#### Work order:
Before you return the lines below, strip out any images and keep every word as written.

#### Given material:
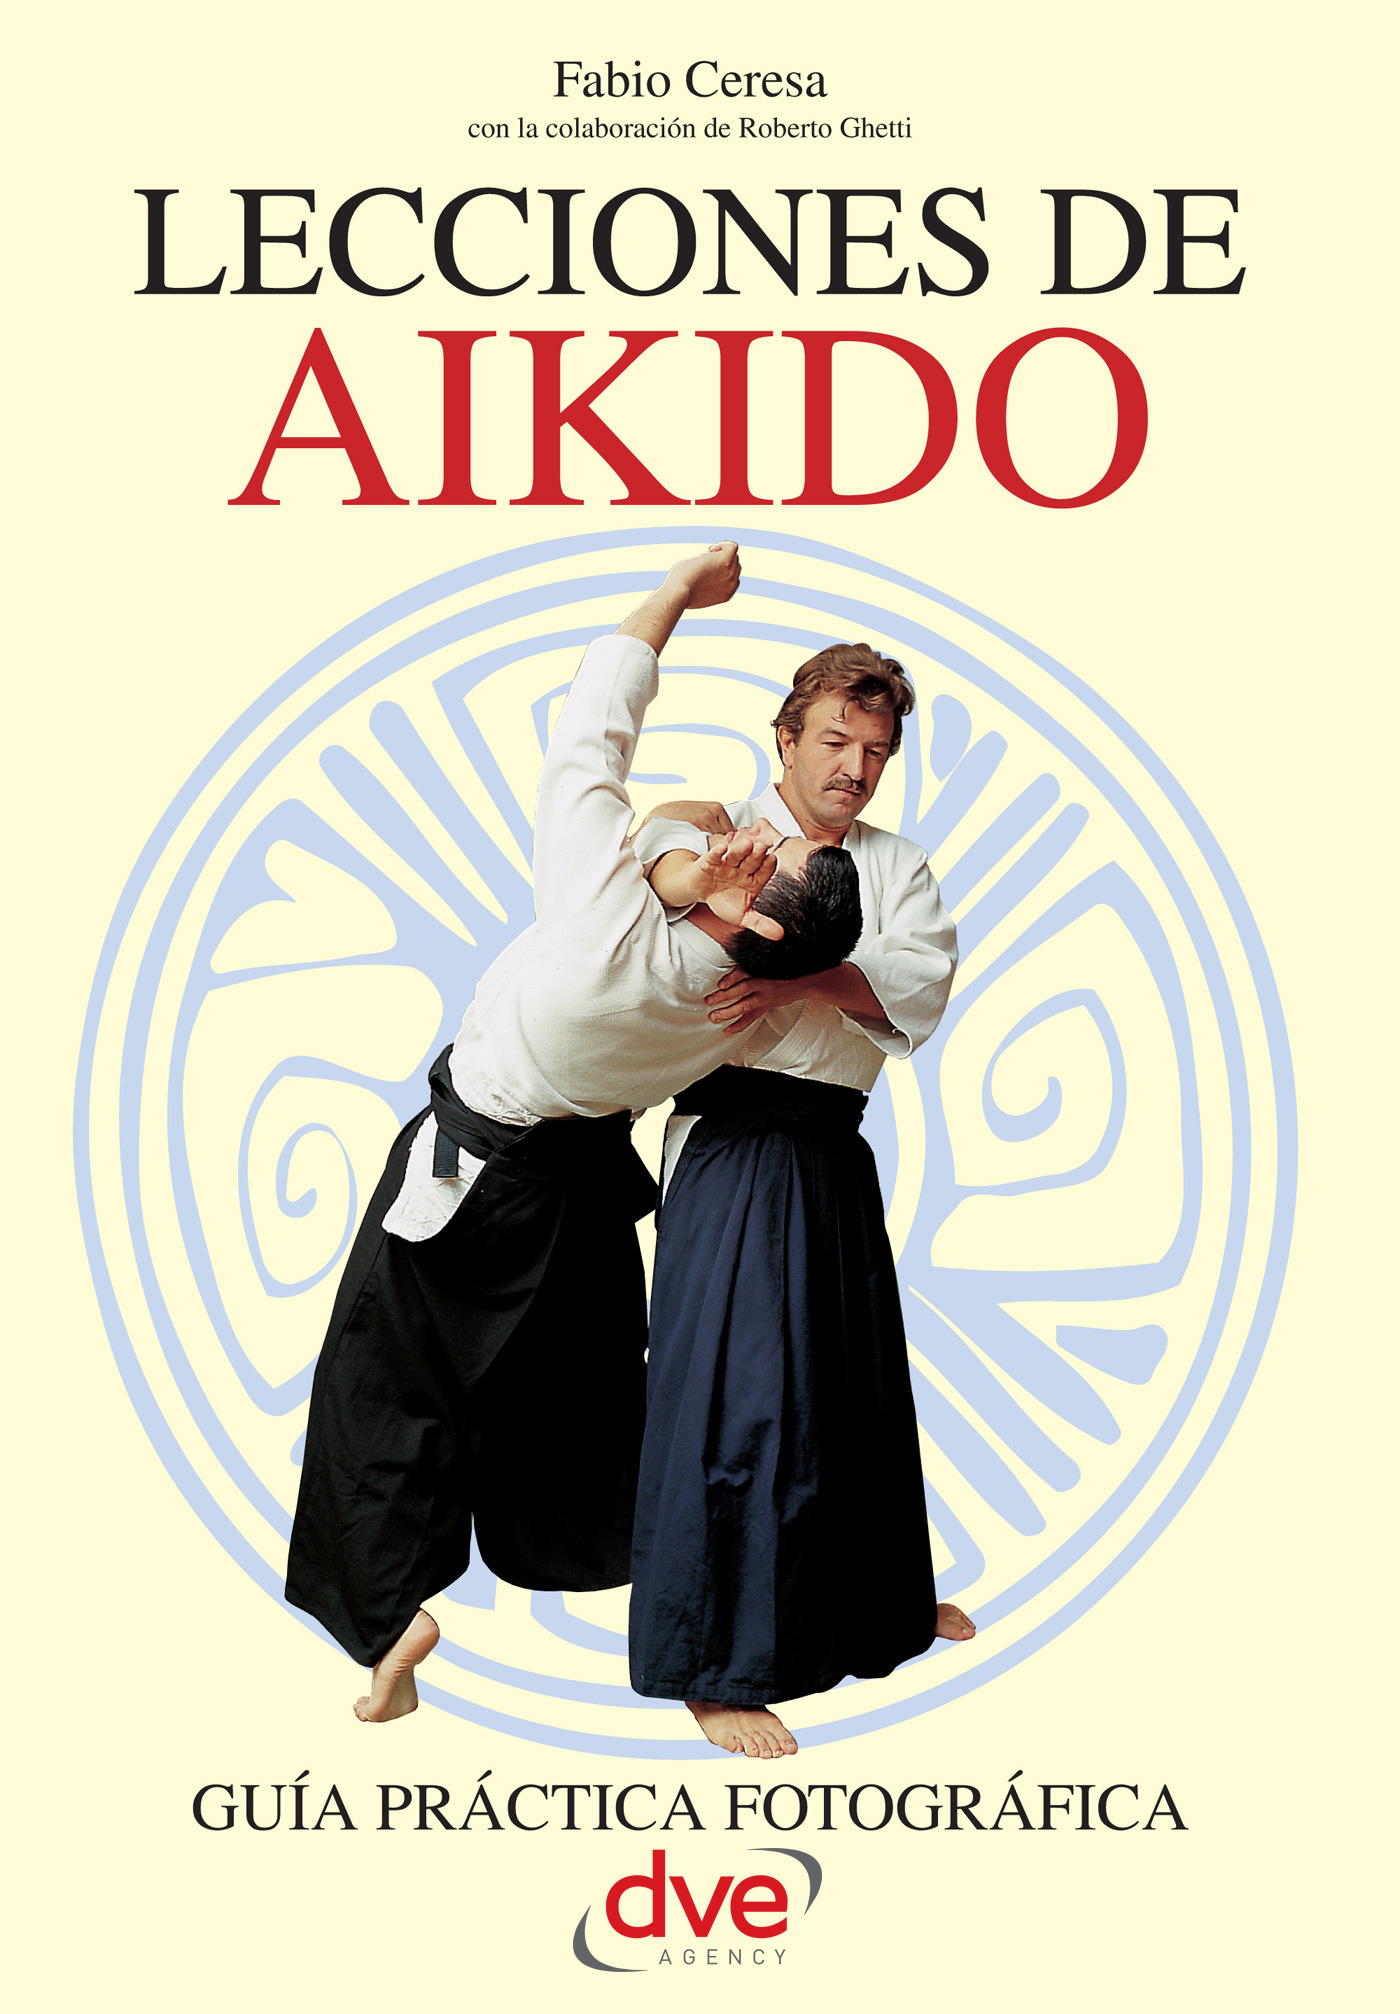 Ceresa, Fabio - Lecciones de Aikido, ebook
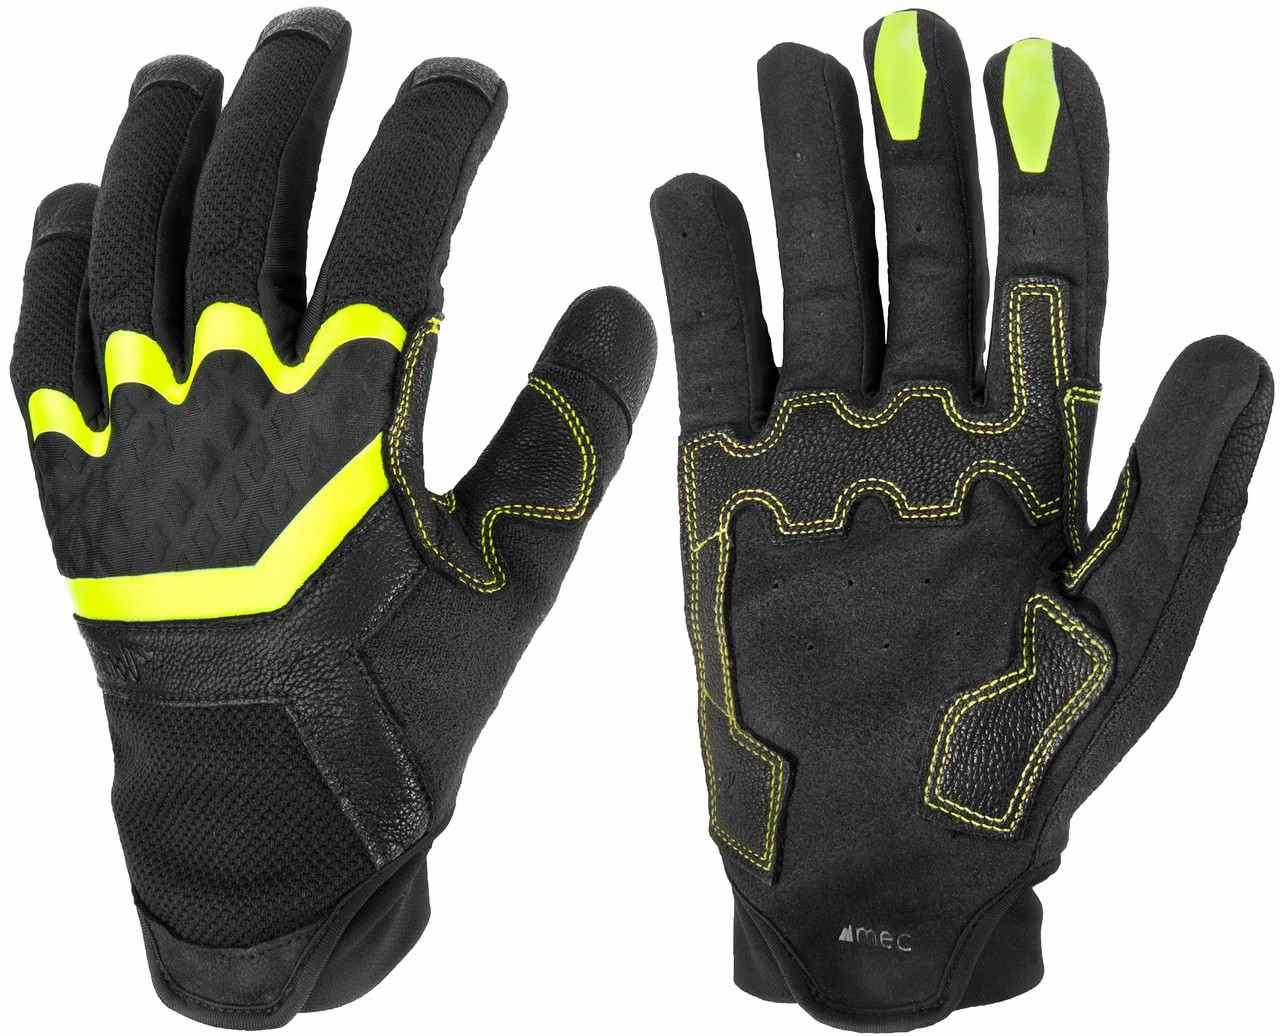 The Don Full Finger Gloves Black/Black
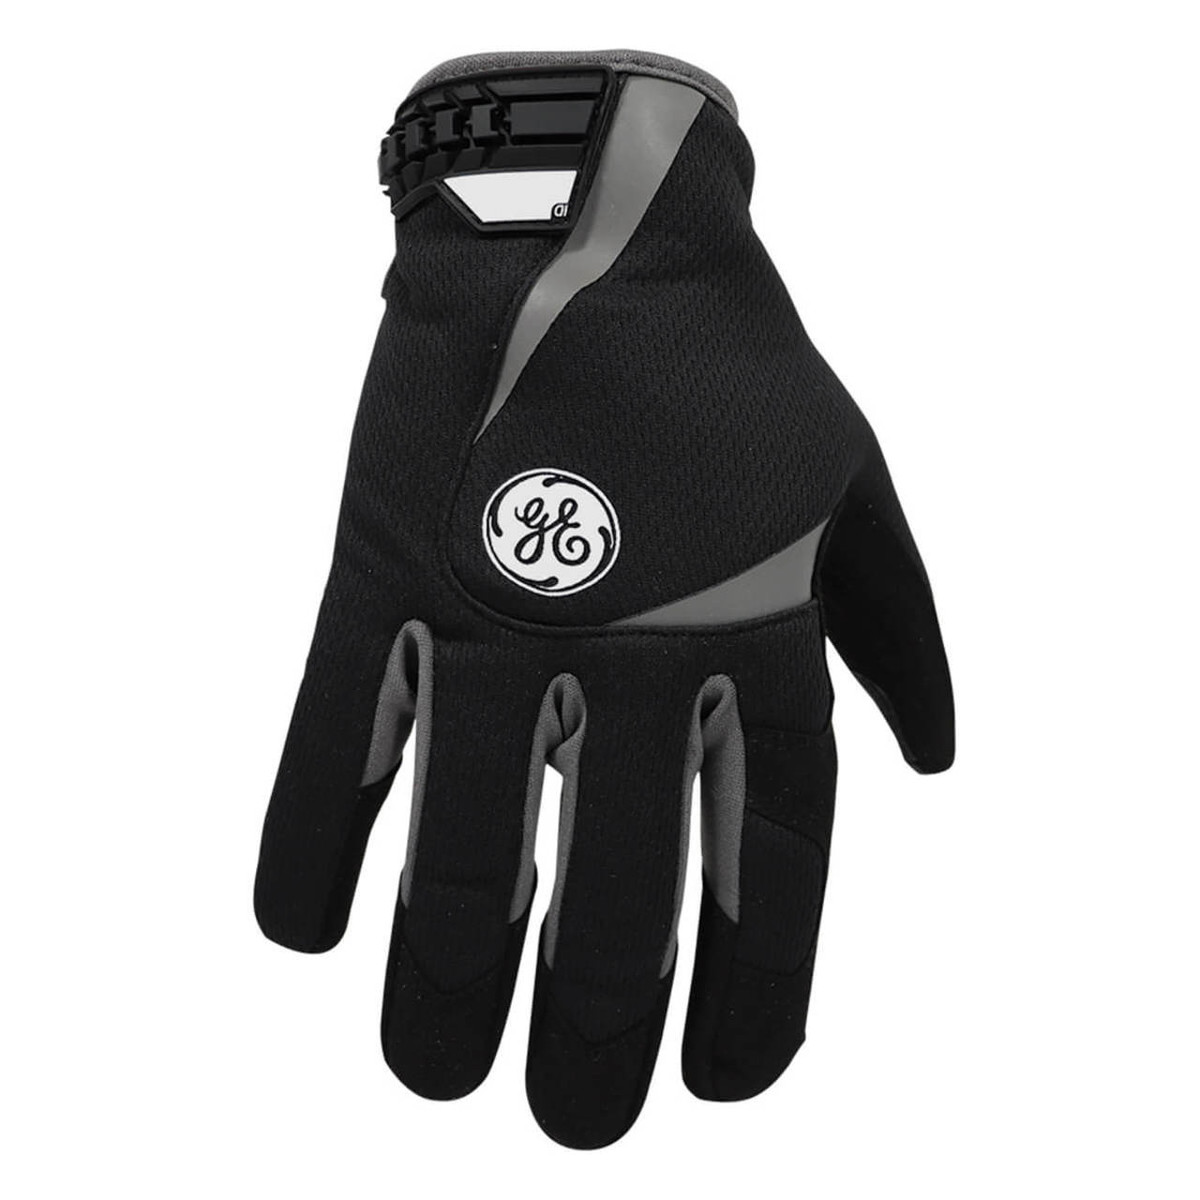 Hi-Viz Lime Mechanical Glove - Safety Imprints

#### Output of the exercise:
 Ceresa, Fabio - Lecciones de Aikido, ebook
 The Don Full Finger Gloves Black/Black
 Hi-Viz Lime Mechanical Glove - Safety Imprints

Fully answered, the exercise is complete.